#### [Goal of the exercise]
In the copy, every line of the material that follows must appear exactly, and no pictures should.

[Dataset extract Boundary: Start]

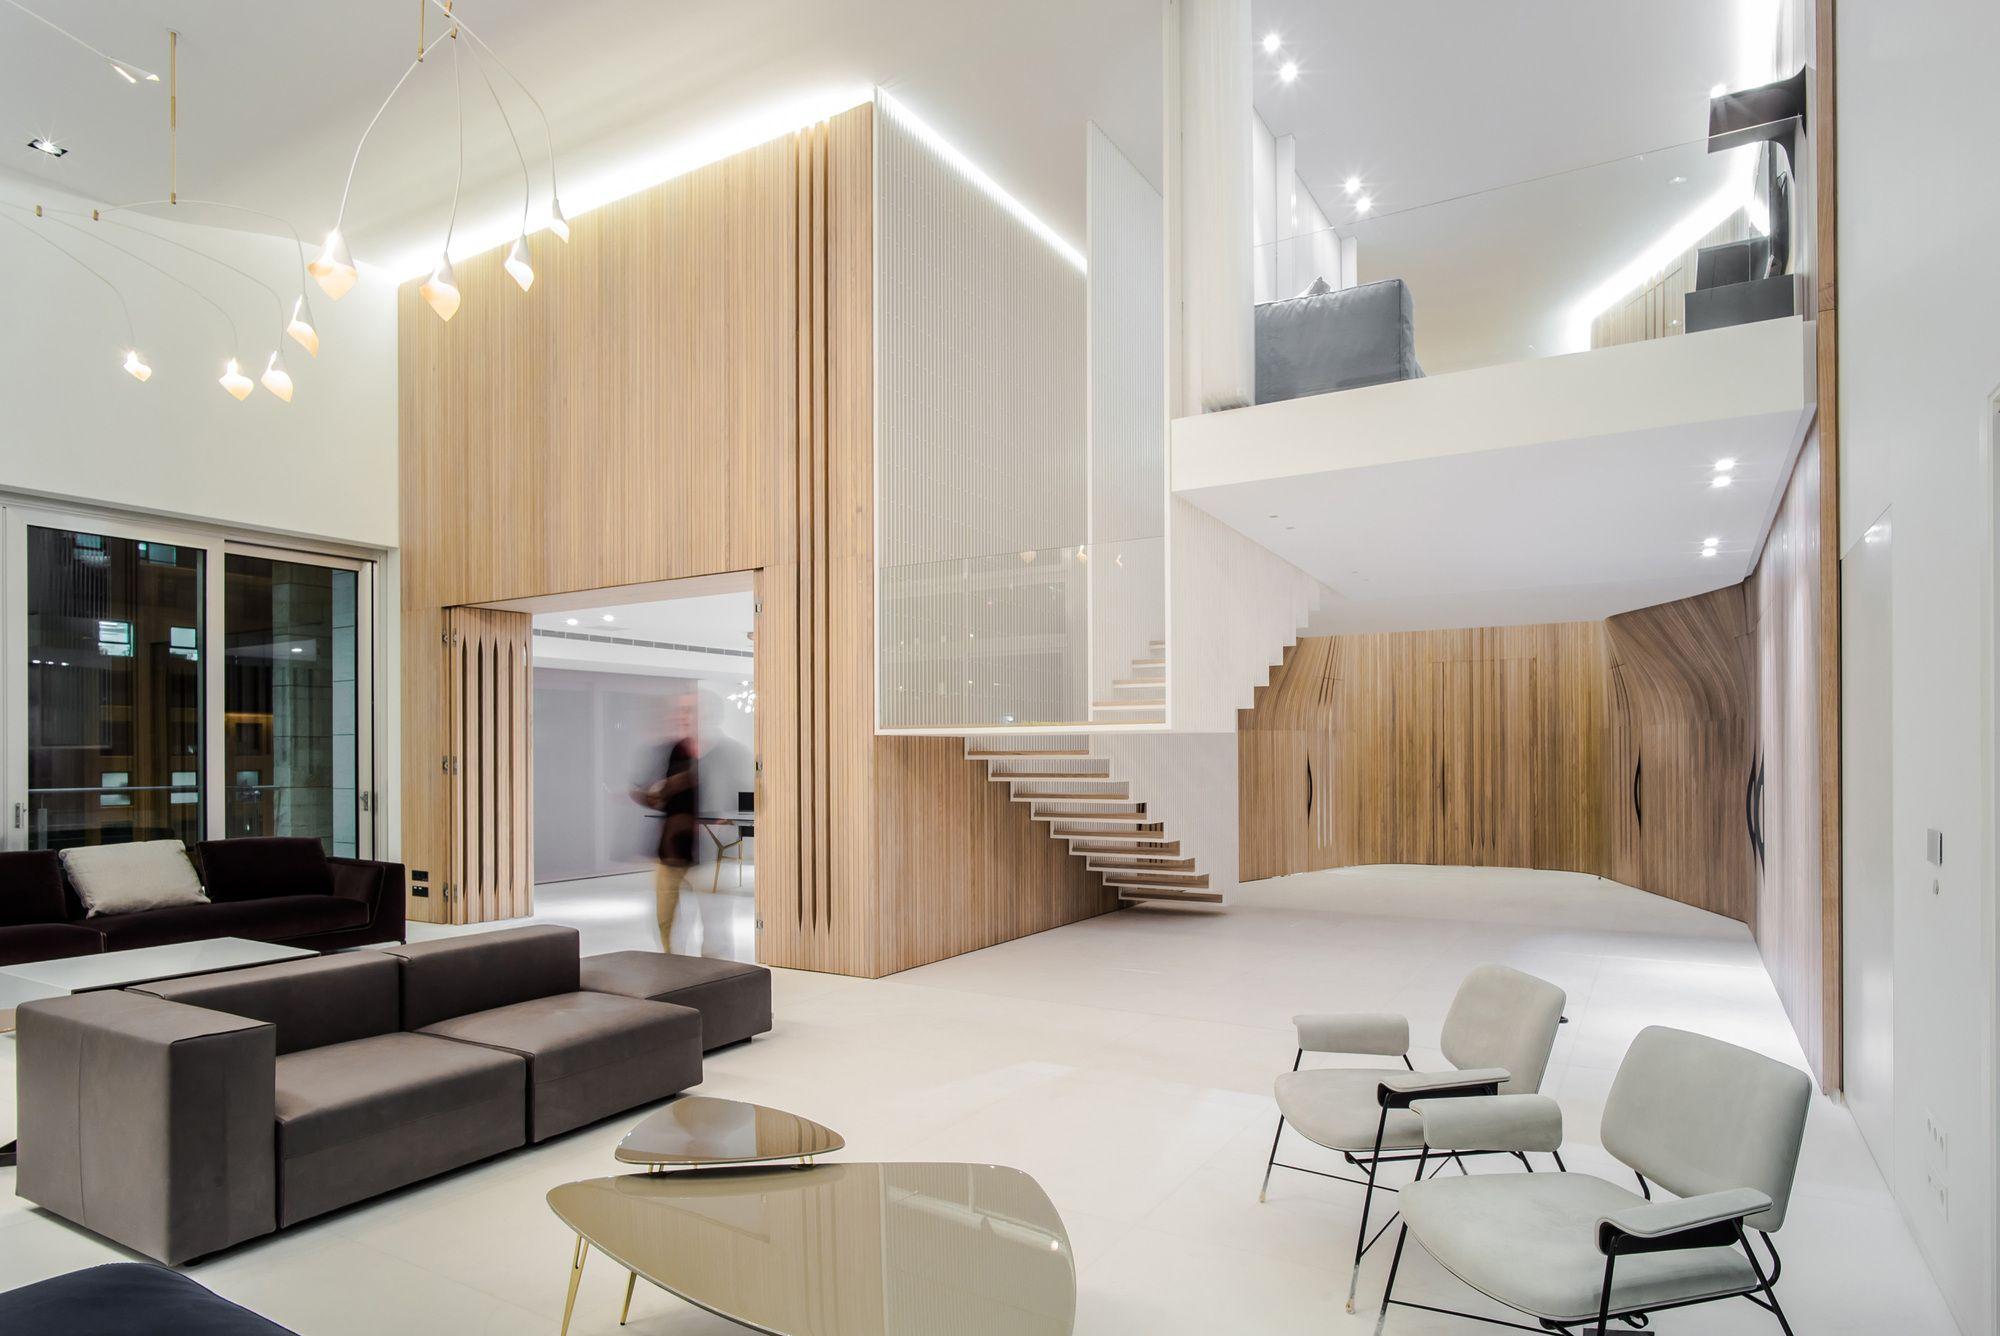 Wadi Penthouse Platau Interior Design Styles
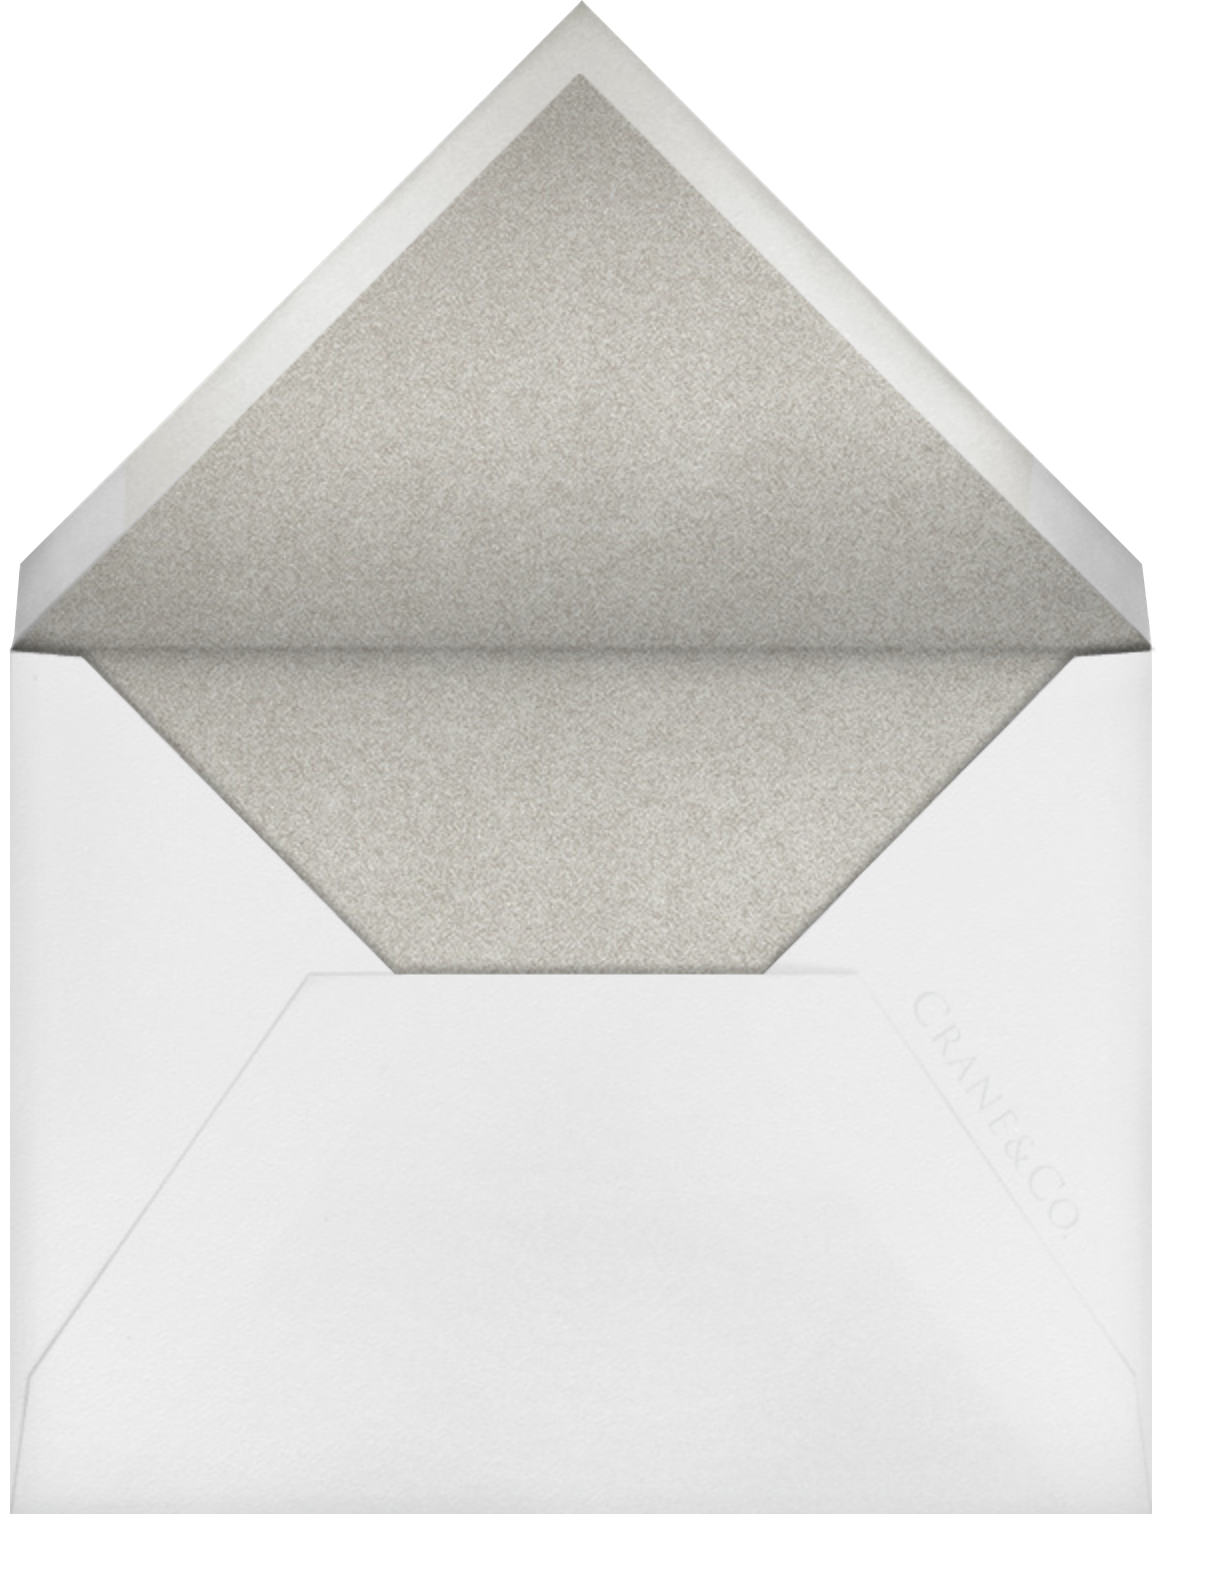 Simcha - Paperless Post - All - envelope back
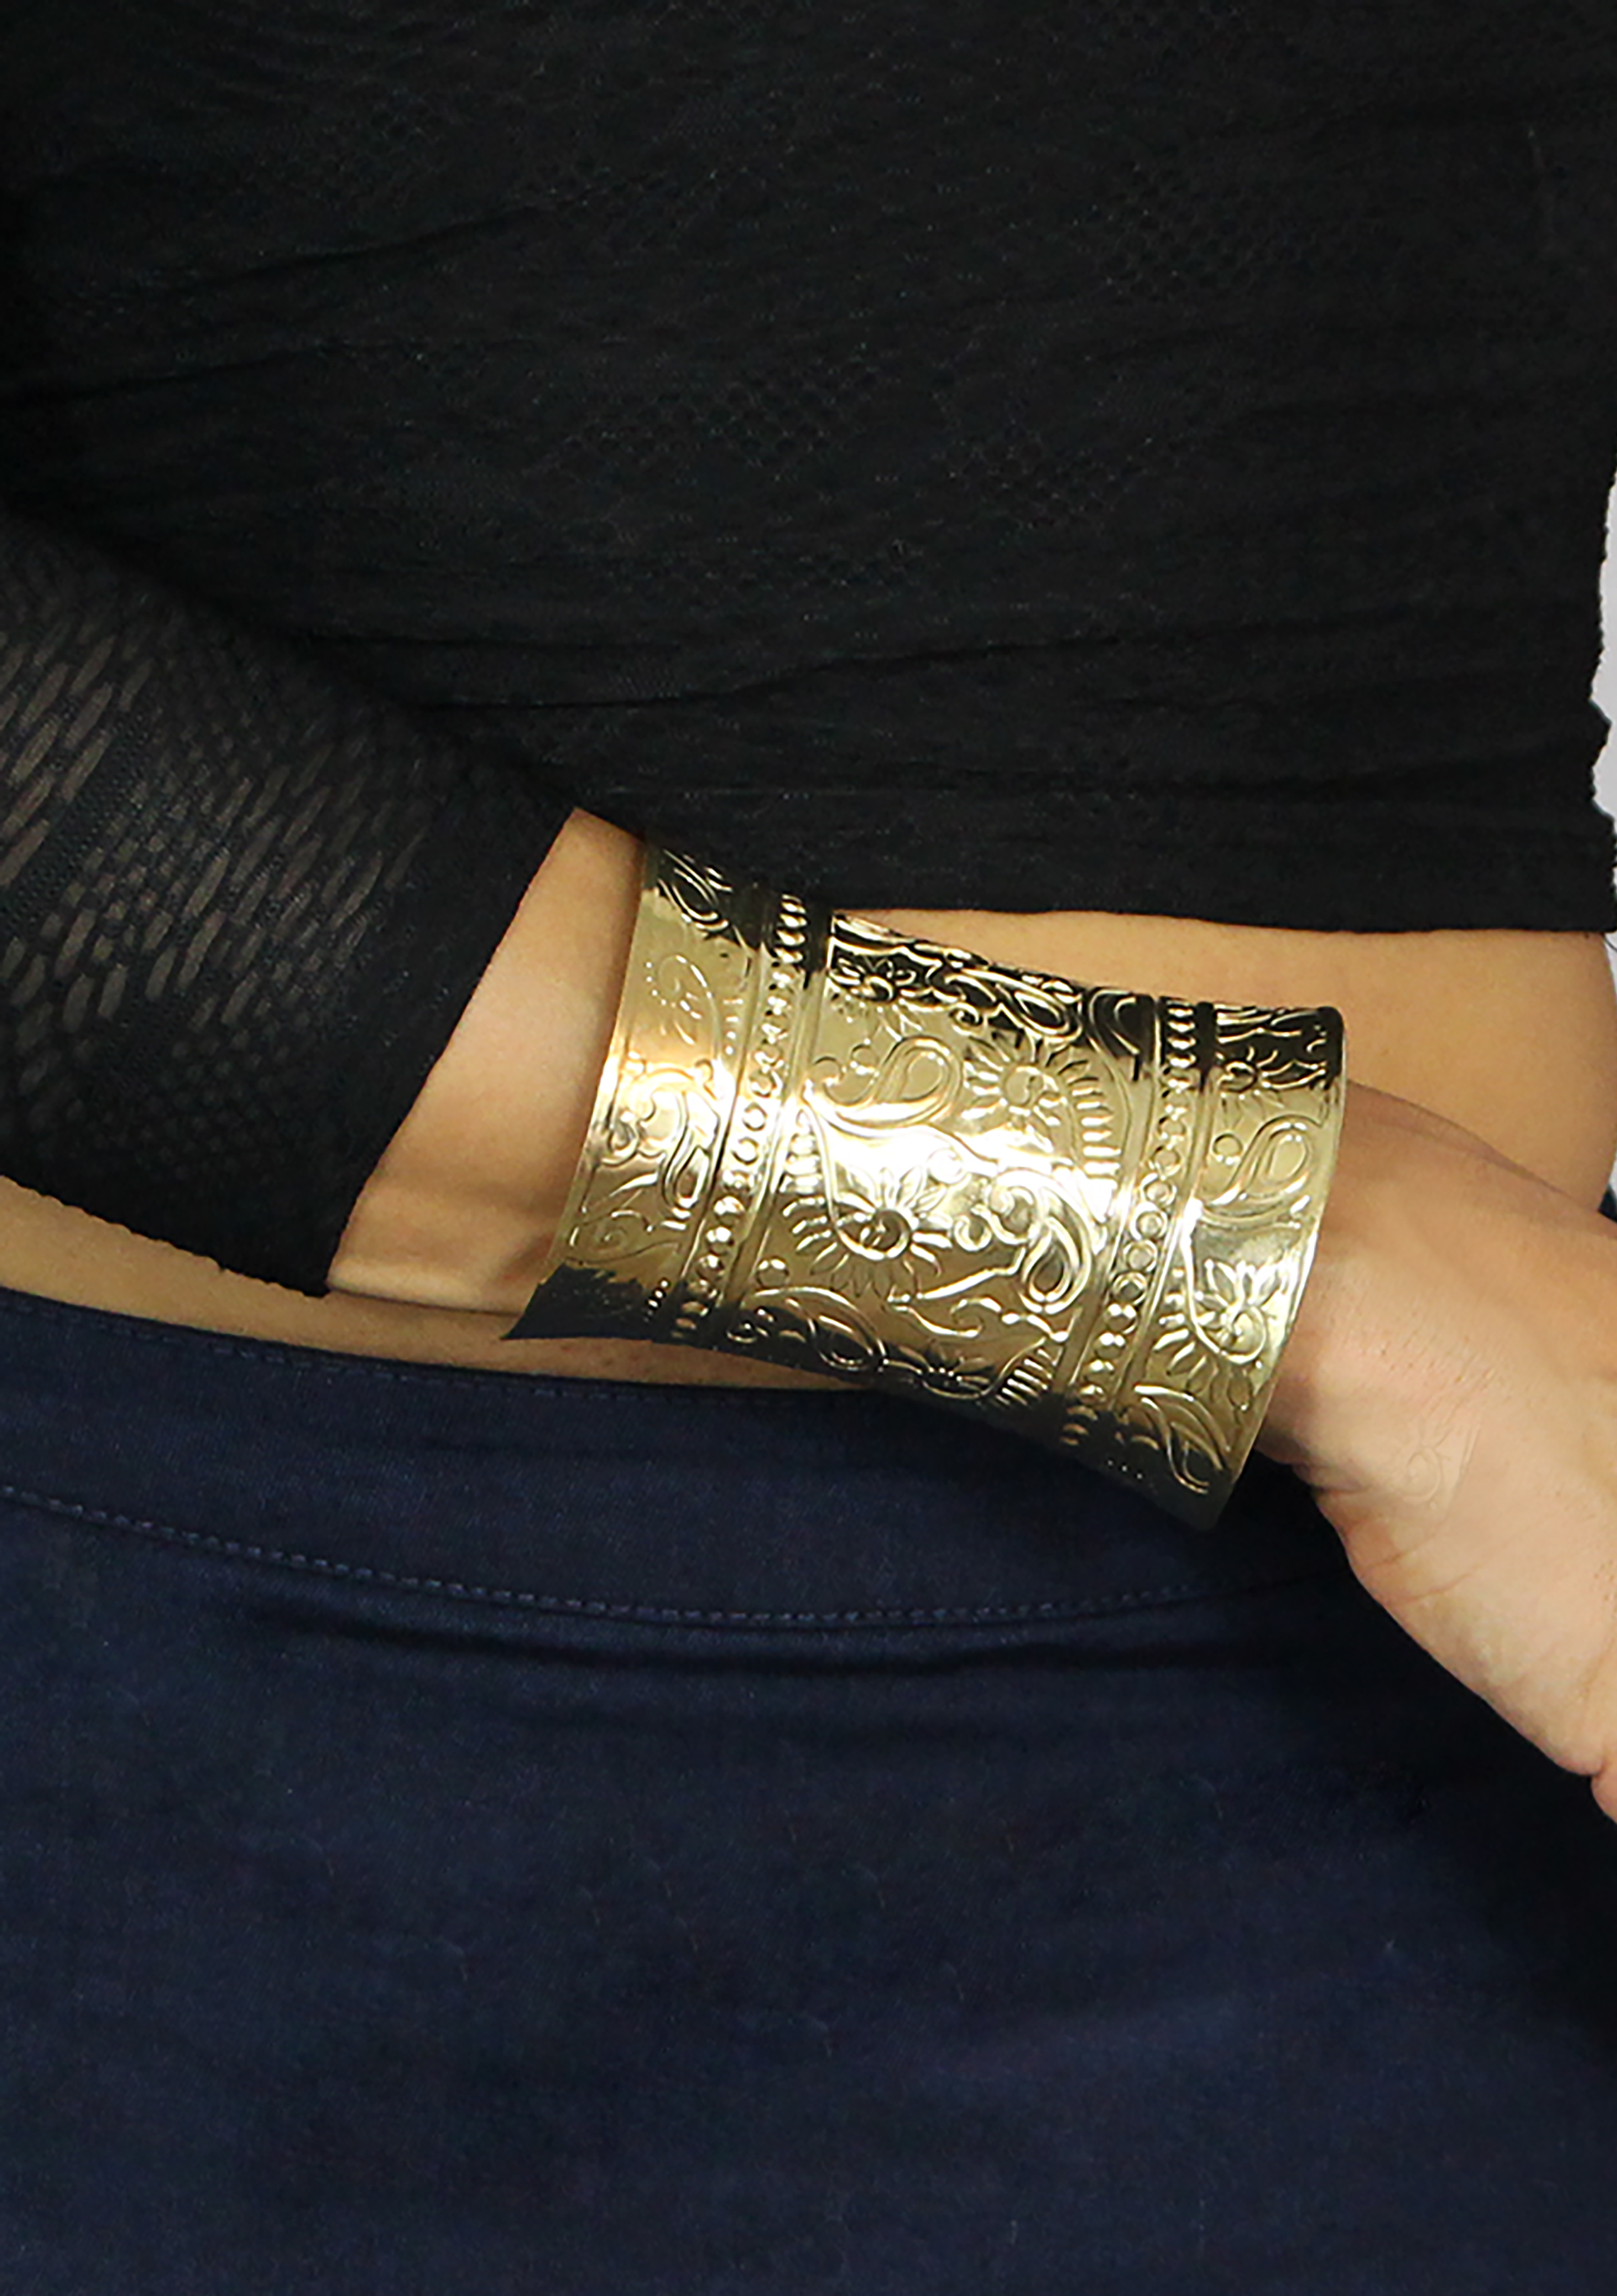 5406dd88a6f ... Bracelet Bracelets For Women. Gold Cuff Bracelet Etsy -> Source. Gold  20vine 20egyptian 20cuff 20bracelet 20djbj106 201 Original

[Dataset extract Boundary: End]

#### [Written response]
 Wadi Penthouse Platau Interior Design Styles
 Simcha - Paperless Post - All - envelope back
 5406dd88a6f ... Bracelet Bracelets For Women. Gold Cuff Bracelet Etsy -> Source. Gold  20vine 20egyptian 20cuff 20bracelet 20djbj106 201 Original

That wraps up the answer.